Misteri Sosok Sendy: Kuasai Mayoritas 6 Ton Timah Penyelundupan ke Malaysia, Tapi Belum Masuk DPO

Bangka Barat7 Dilihat

ALLOPOST_BANGKA BARAT — Sidang kasus dugaan penyelundupan 6 ton pasir timah ilegal ke Malaysia di Pengadilan Negeri (PN) Mentok, Selasa (7/7/2026), membuka babak baru.

Sosok pria bernama Sendy mendadak menjadi sorotan utama setelah para terdakwa blak-blakan menyebut namanya sebagai pemilik mayoritas barang penjarahan kekayaan alam tersebut.

Meski namanya berulang kali terseret dalam persidangan dengan agenda pemeriksaan saksi untuk terdakwa Visal alias Aliung ini, status hukum Sendy masih mengambang.

Jaksa Penuntut Umum (JPU) mengonfirmasi bahwa hingga saat ini Sendy belum dimasukkan ke dalam Daftar Pencarian Orang (DPO) resmi.

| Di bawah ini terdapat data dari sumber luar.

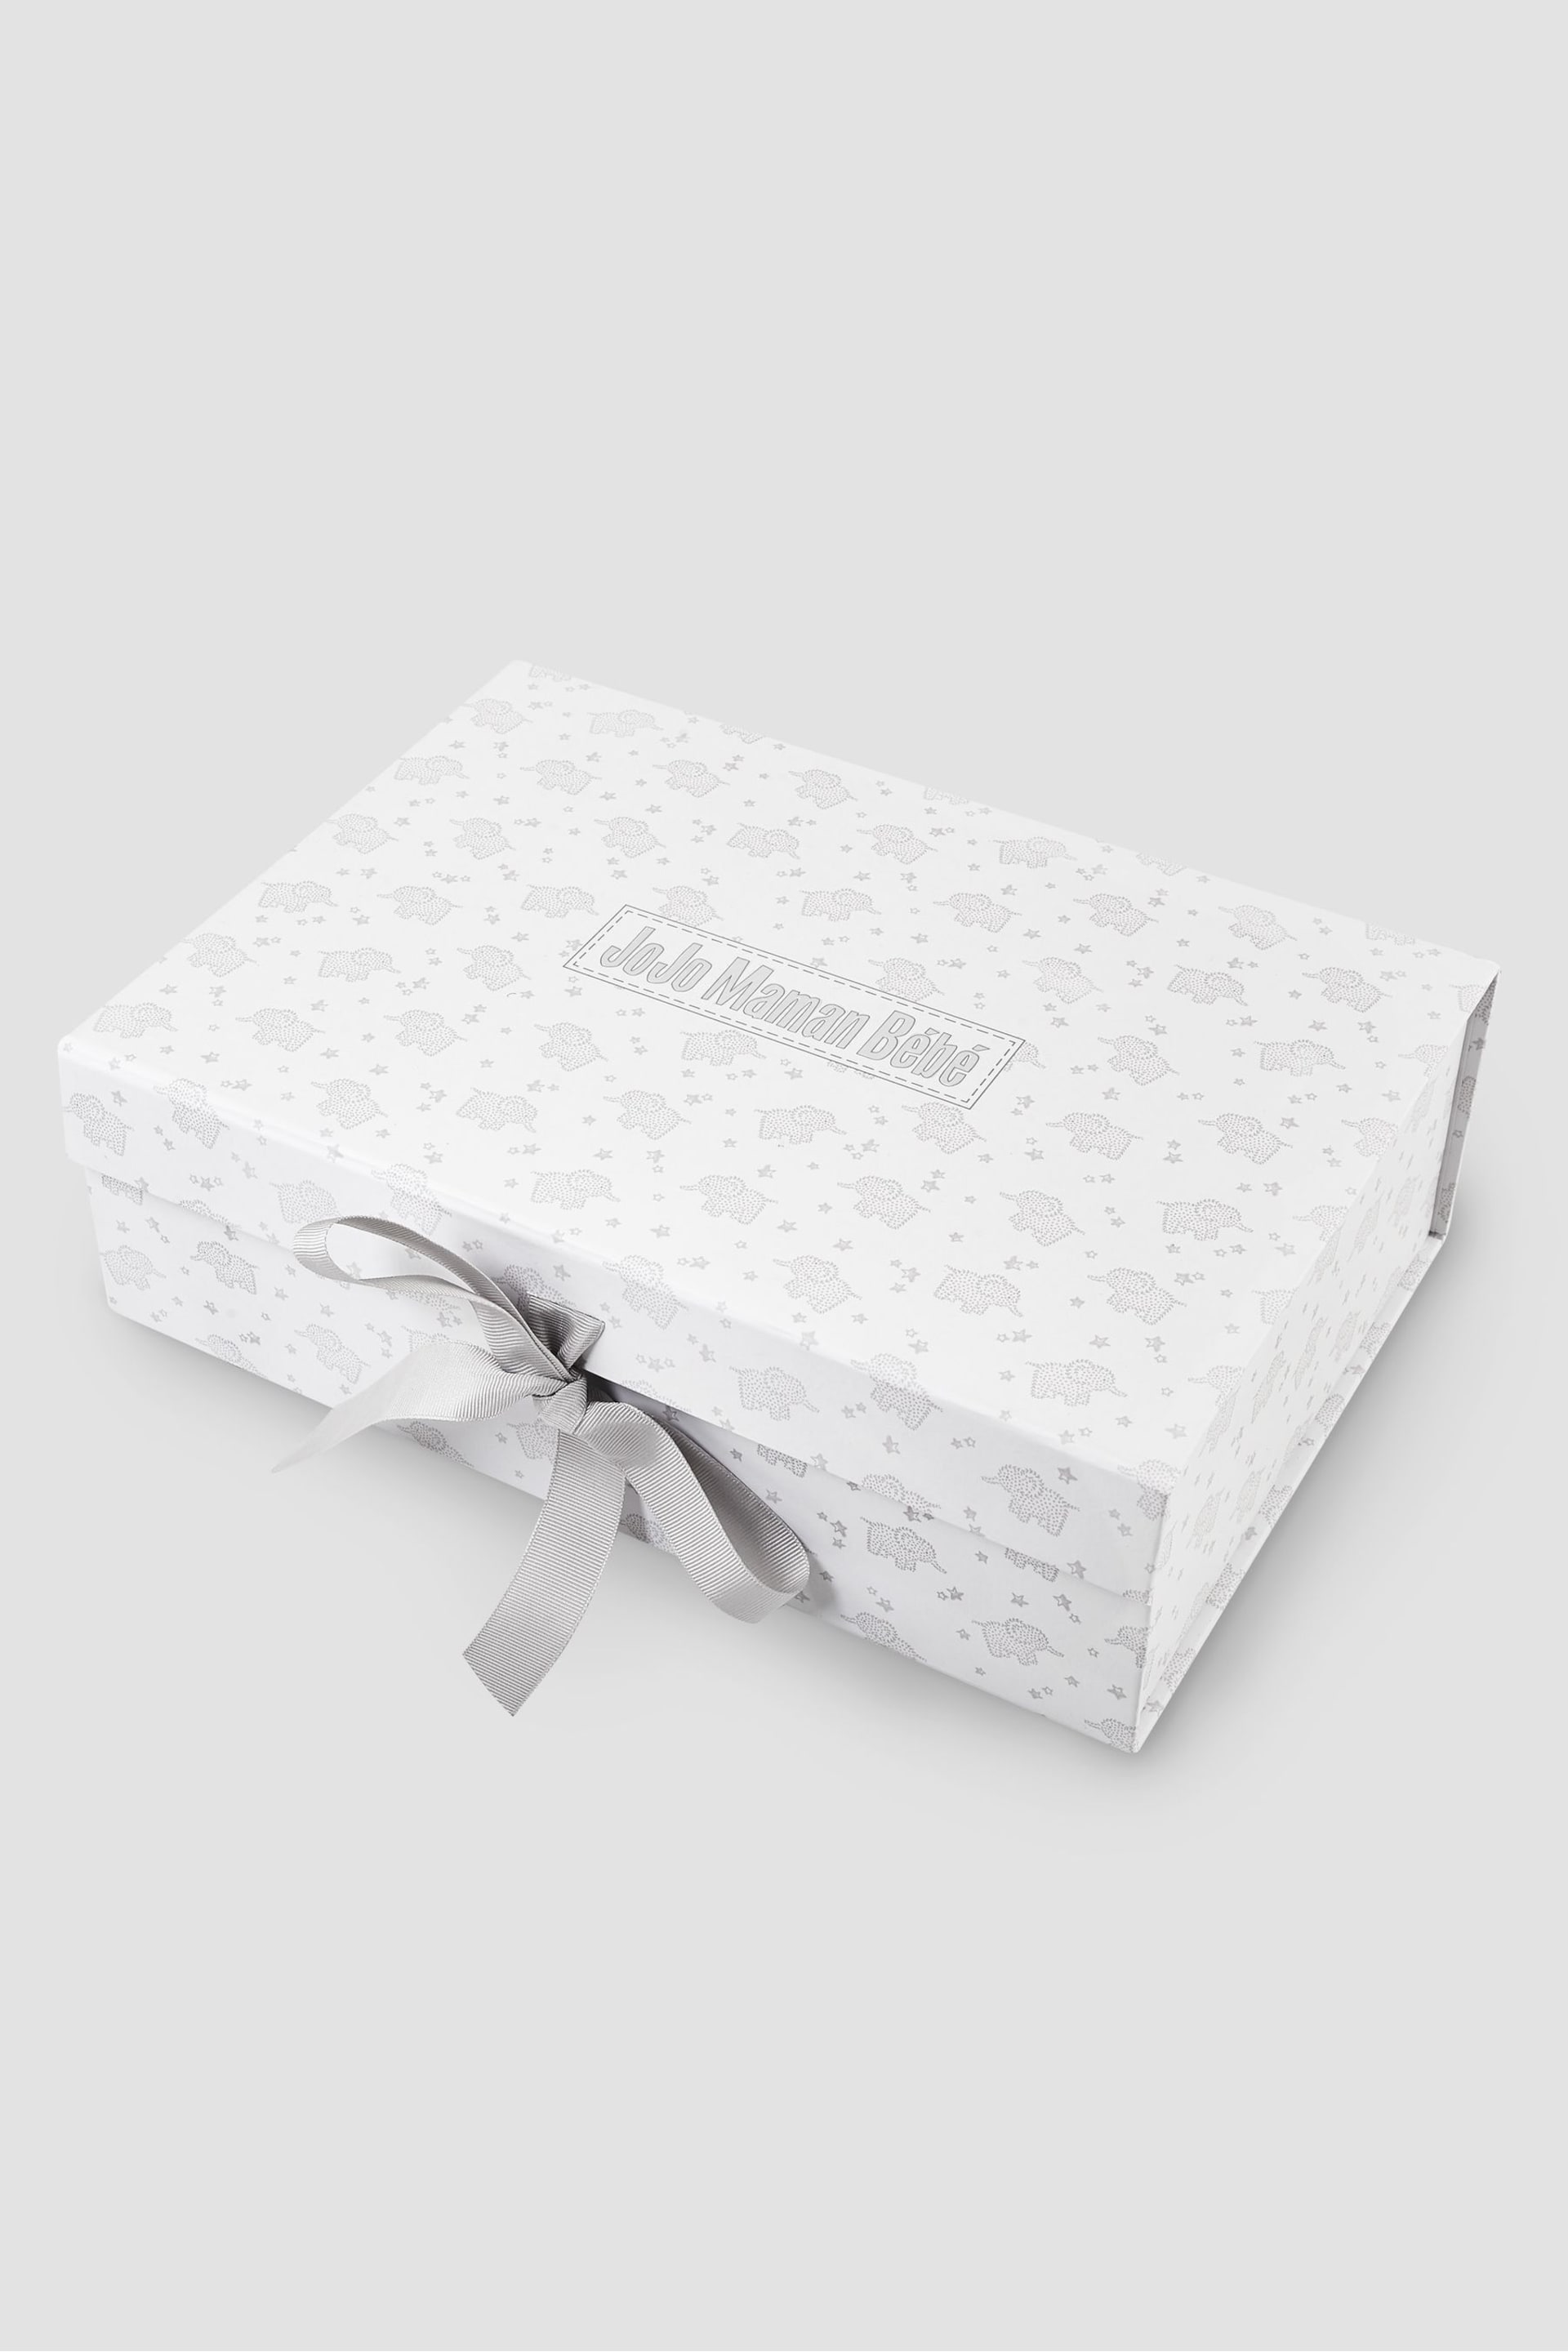 JoJo Maman Bébé Grey Star Gift Box - Image 1 of 3

Terdakwa Haryanto alias Ahyan, yang hadir sebagai saksi, membongkar bahwa dari total 160 karung (sekitar 6 ton) pasir timah kering yang disita, sebagian besar adalah milik Sendy.

“Punya saya kurang lebih satu ton lebih yang mulia, kurang lebih 30-an karung. Sisanya (130 karung) punyanya Sendy,” ungkap Ahyan di hadapan majelis hakim yang dipimpin Jefry Rony Parulian Sitompul.

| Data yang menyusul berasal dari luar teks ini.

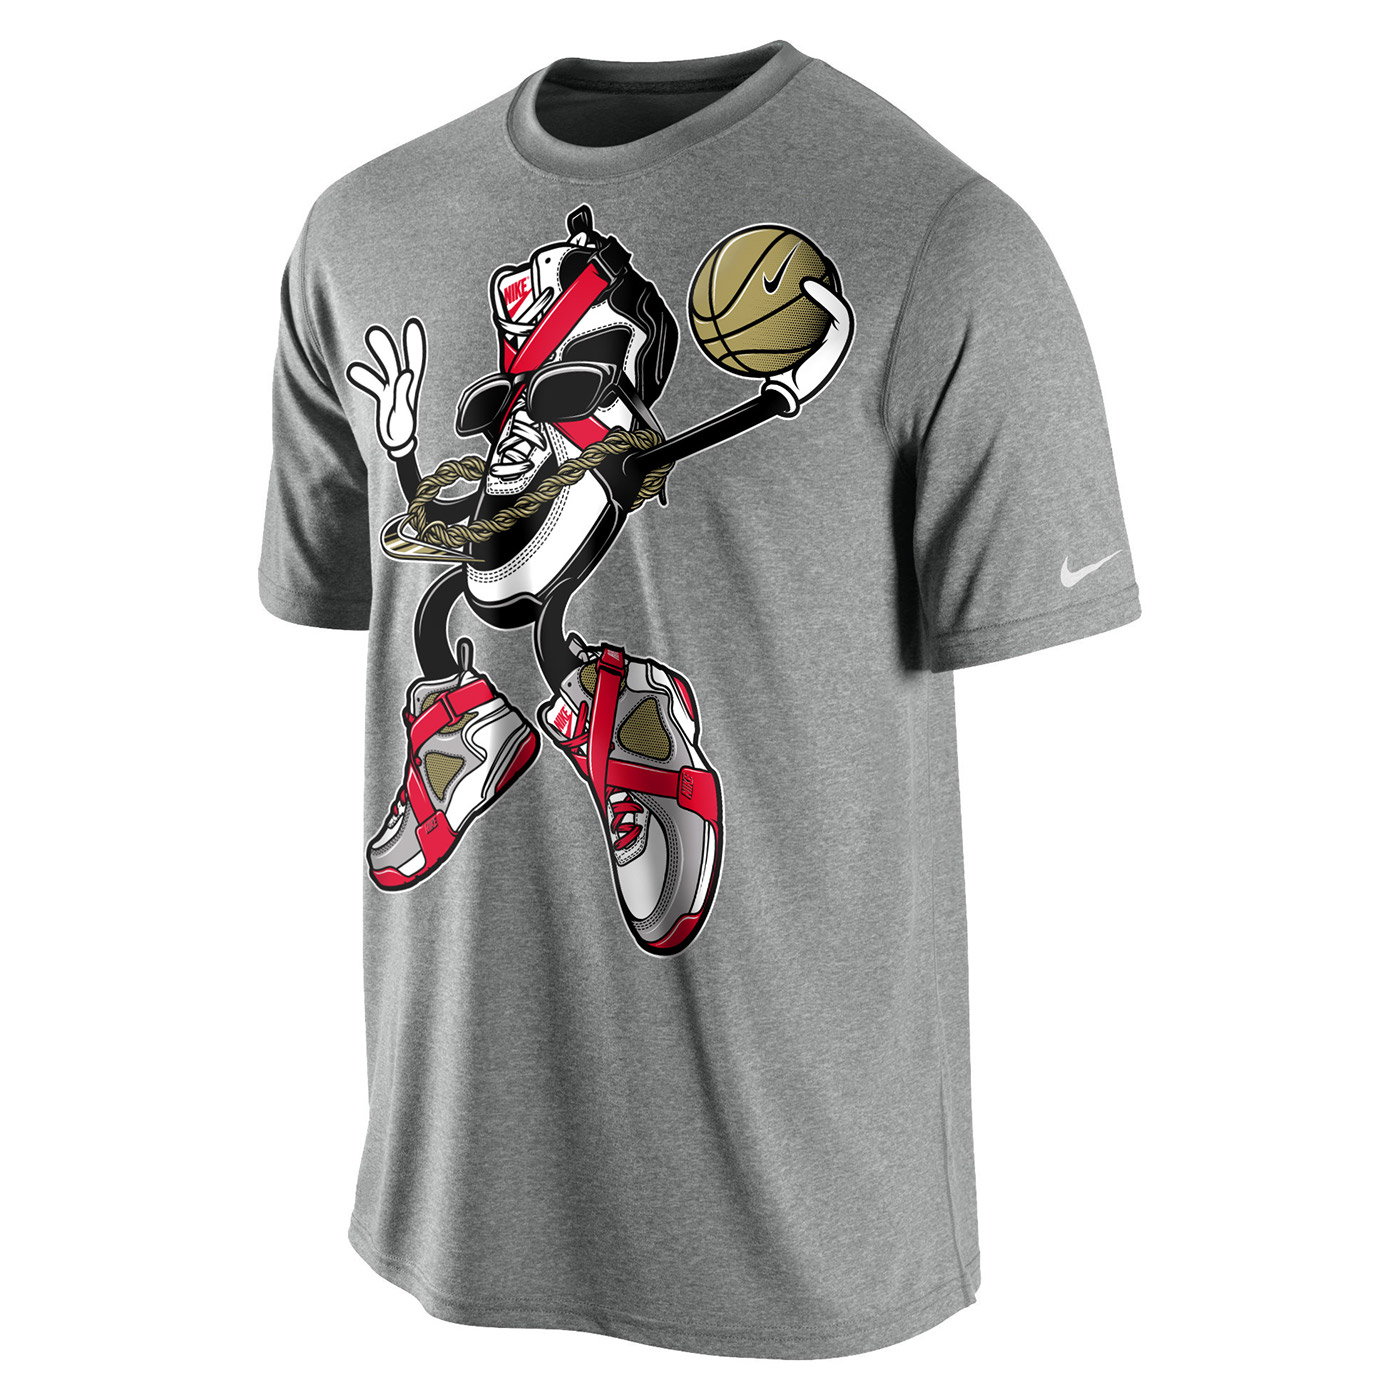 Nike t-shirts design ILLUSTRATION  basketball football soccer sneakers athletes rusc

Ahyan juga menegaskan bahwa Sendy bukanlah anak buahnya, melainkan seorang rekan bisnis.

Namun, ia mengaku kehilangan kontak dan tidak tahu keberadaan Sendy saat ini.

Nama Sendy juga disebut oleh Romadi, seorang kuli angkut yang bertugas memindahkan muatan dari truk ke pesisir Pantai Enjel.

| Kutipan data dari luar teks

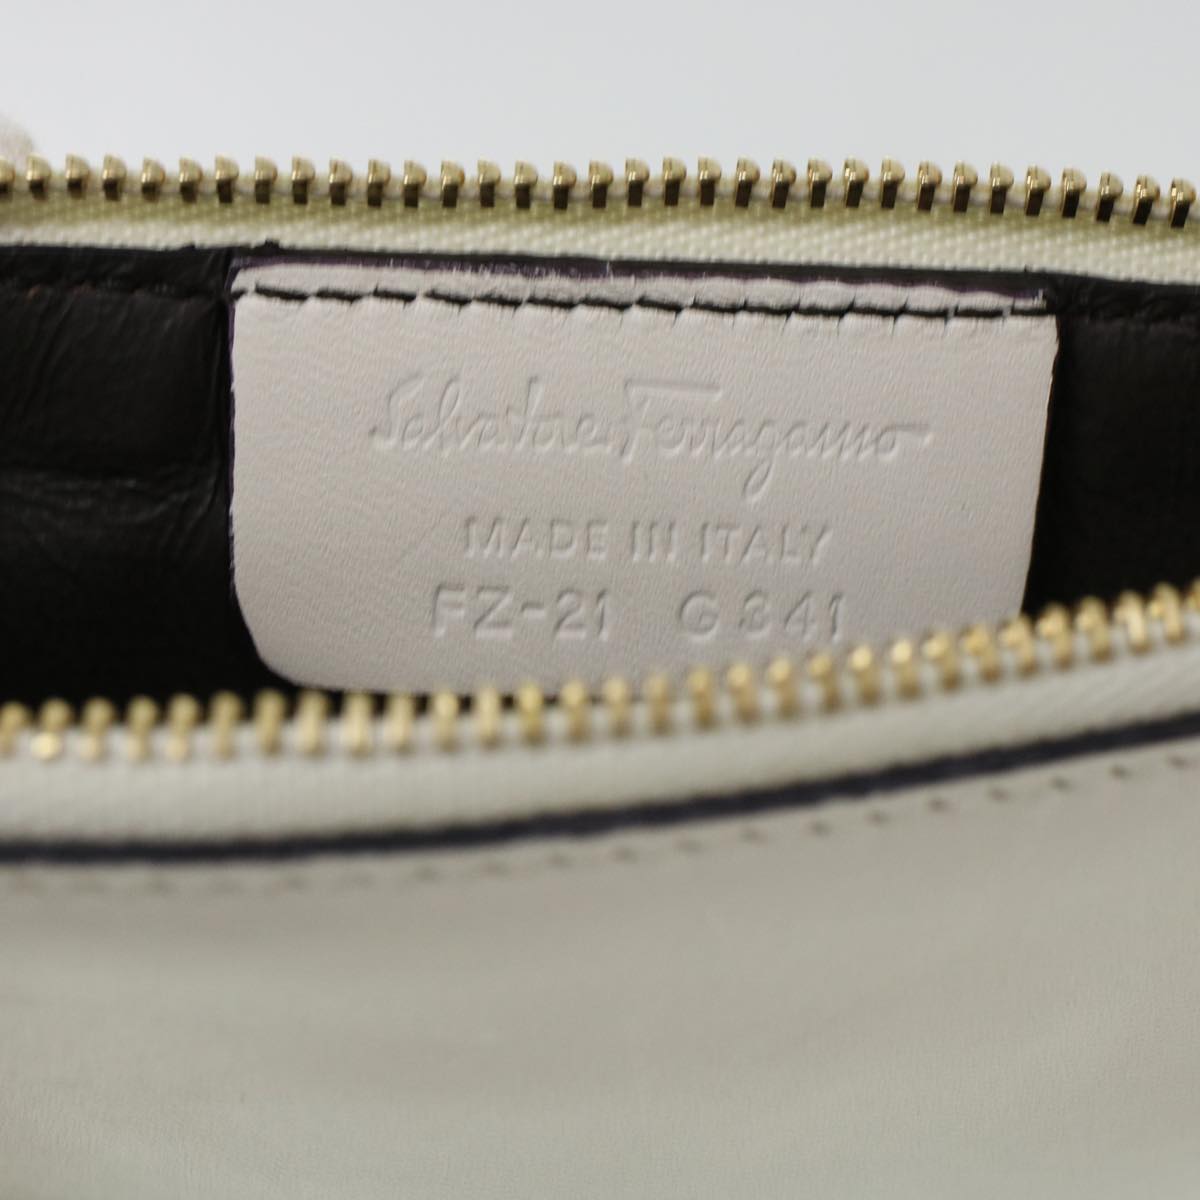 Salvatore Ferragamo Sofia Hand Bag Leather 2way White FZ-21 G341 Auth 43859

Romadi mengaku dijanjikan upah sebesar Rp500.000 oleh Sendy untuk mengangkut 10 karung pasir timah.

Nahas, hingga Sendy menghilang dan kasus ini masuk meja hijau, upah tersebut belum pernah ia terima.

Berdasarkan keterangan terdakwa lain, Fut Muk alias Amuk, timah milik Sendy dan Ahyan ini rencananya akan diselundupkan lewat jalur laut. Di tengah laut, barang akan diterima oleh seseorang bernama Alex, untuk kemudian dijual kepada Cong, seorang warga negara Malaysia.

Kasus ini bermula dari operasi tangkap tangan oleh Satpolairud Polres Bangka Barat pada 26 Februari 2026 di Pantai Enjel, Desa Air Putih, Mentok.

Jaringan ini menggunakan modus yang cukup rapi:
• Pasir timah dari penambang liar diolah di gudang milik Ahyan (yang diduga sudah beroperasi 2-3 tahun).
• Barang diangkut menggunakan truk ke pinggir pantai pada malam/dini hari.
• Timah dibawa menggunakan perahu kecil ke tengah laut.
• Muatan dipindahkan ke kapal cepat (kapal hantu) untuk langsung dilarikan ke Malaysia.

Mendengar peliknya kasus ini, Hakim Jefry Rony Parulian Sitompul sempat memberikan sentilan keras kepada terdakwa Ahyan agar kapok dan memilih jalur legal ke depannya.

“Lain kali kalau begitu pak, mending yang resmi pak. Jadi mitranya PT Timah, pegang IUP, daripada kayak begini jadi permasalahan hukum,” tegas Hakim.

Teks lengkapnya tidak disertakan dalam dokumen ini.